By contrast, prospective cohort studies involve the investigation of a representative sample of the population before disease onset. This sample is then followed until the occurrence of specified endpoints (see Figure 2 for a comparison of this design with a case–control study12). The purpose of this design is to identify risk factors that predispose an individual to disease, or biomarkers for predicting disease development, in the population as a whole, not only among those individuals that come to medical attention. Prospective cohort studies are particularly valuable for detecting risk factors and risk markers that might be affected by disease, treatment or lifestyle changes13, which are subject to imperfect or biased recall, and for identifying risk factors that might have early pathogenic effects14. Several large-scale prospective cohort studies of genes and environment are underway or in planning throughout the world, including the UK Biobank15 and a proposed large-scale US cohort study5. However, the need for this design in genetic research has been questioned16,17. The high costs, large sample sizes and long durations that are typical of prospective cohort studies have been contrasted to the potentially more efficient case–control design18.

Figure 2: The case–control and prospective cohort study designs.
figure 2

Case–control studies identify individuals with and without disease, determine the differences between them in past exposures or biological characteristics, and then examine those differences for potentially causative factors.
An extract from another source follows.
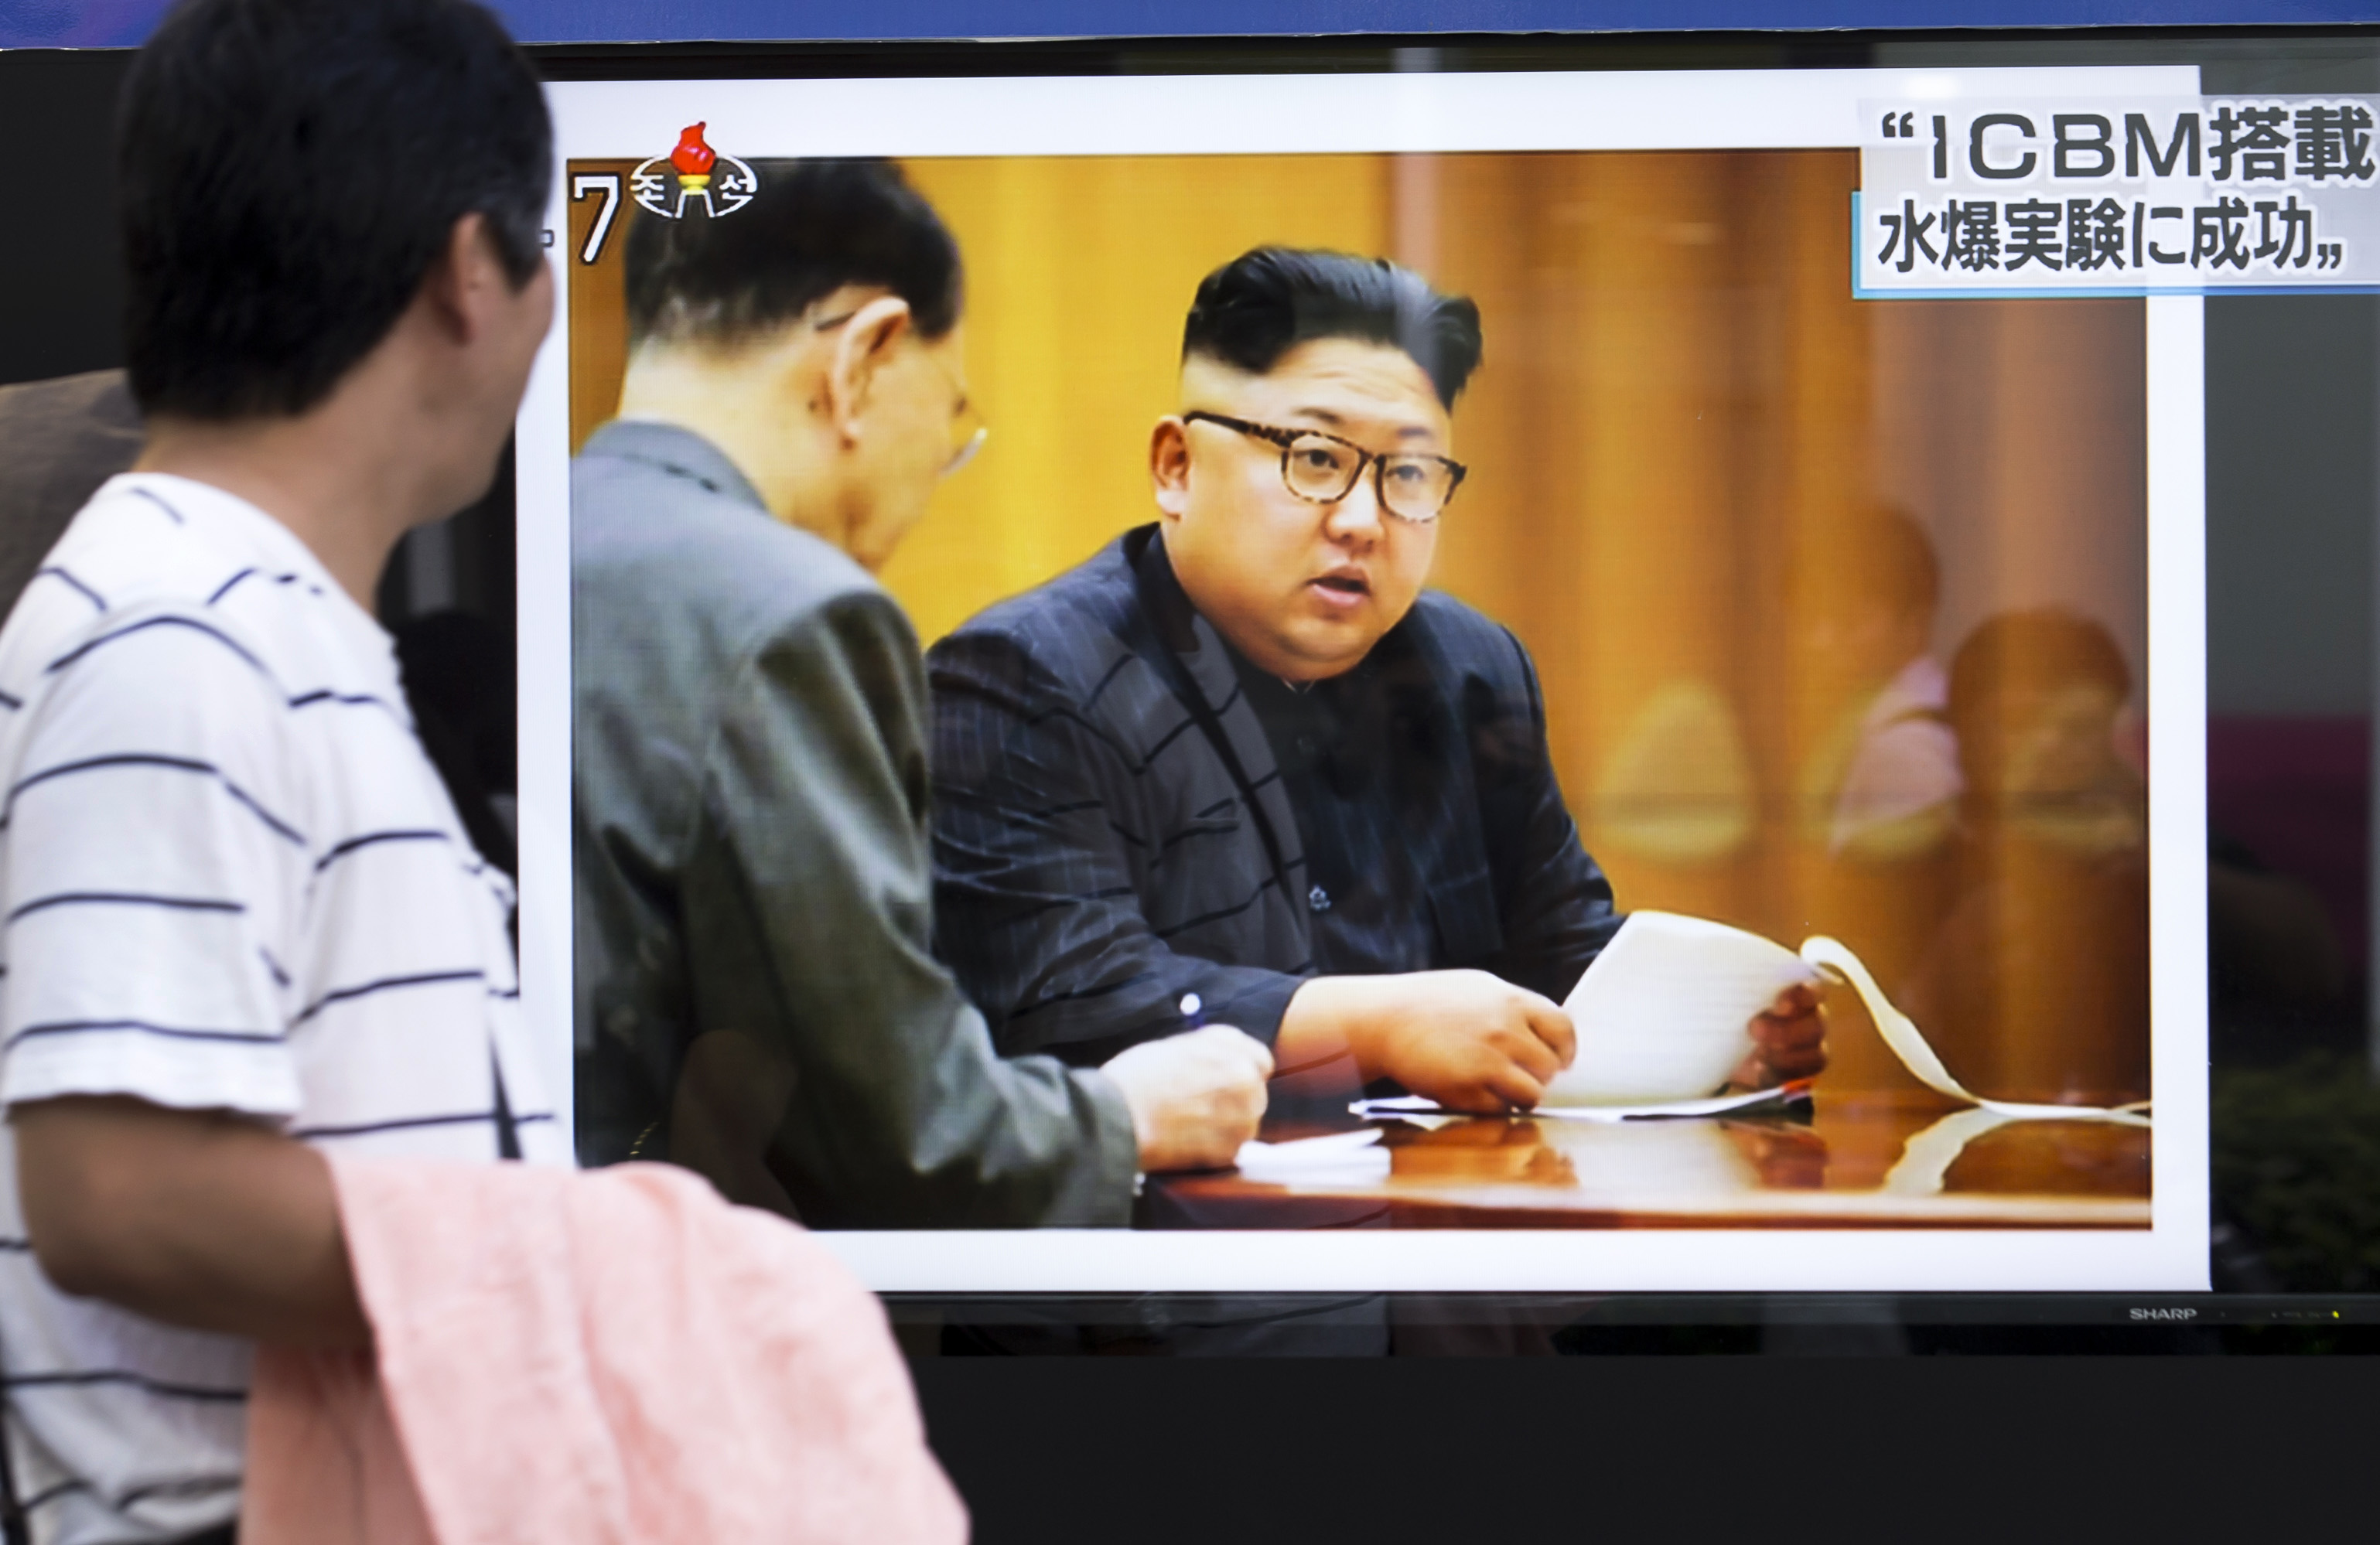 Kim Jong Un on a news program

Prospective cohortstudies identify individuals with and without a given exposure, follow them through time to determine who develops disease, and then examine differences in the preceding exposures for potentially causative factors. Modified with permission from Ref. 12 © (2003) Massachusetts Medical Society.

Here we present the advantages of the prospective cohort design, which avoids or significantly reduces the important weaknesses of the case–control design, particularly with respect to identifying gene–environment interactions. We begin by discussing how bias can be introduced into studies of risk factors for disease, followed by an analysis of the extent to which each design is affected by such biases and other weaknesses, and the advantages that prospective cohort studies provide. We then outline the instances in which we believe that prospective cohort studies have important advantages, with a feasability analysis that includes the sample sizes needed to identify genetic and environmental risk factors and their interactions, and the challenges faced. On this basis, we argue that prospective cohort studies provide a valuable, feasible and, indeed, indispensable means of exploring the genetic basis of complex human diseases. We also put forward the case for carrying out new, large-scale studies of this type to determine the roles of genes and environment in diseases of major public health importance.

Potential sources of bias

The validity of the evidence from observational studies of the genetic and environmental influences on disease relies on the avoidance of bias, which is defined as: “Any process at any stage of inference which tends to produce results or conclusions that differ systematically from the truth”.19 Reduction of bias is the principal reason for preferring the prospective cohort design to the case–control design.

At least 35 types of bias have been described19, but 8 are crucial in assessing the strengths and weaknesses of case–control and prospective cohort studies (Box 1). Particularly important are biases in subject selection20, especially prevalence–incidence bias, which occurs when a study of currently evident (prevalent) cases (which are often identified through medical records) overlooks fatal cases or other short episodes21. This is a particular problem if a sizeable subset of cases suffers a rapid and fatal course (as in coronary disease or some cancers), so that the 'aetiological' factors that are subsequently identified among the subset of survivors are actually more related to survival or a benign prognosis than to disease causation22. Another potentially important form of respondent bias in genetic studies is the tendency for people with a positive family history to be more likely to participate23,24. A critically important bias in the estimation of self-reported environmental exposures is recall bias. This type of bias occurs when disease status influences the reporting of exposures, for example, when questions about exposure to a putative cause might be asked many times of known cases (or they might repeatedly search their memories) but only once of those without disease.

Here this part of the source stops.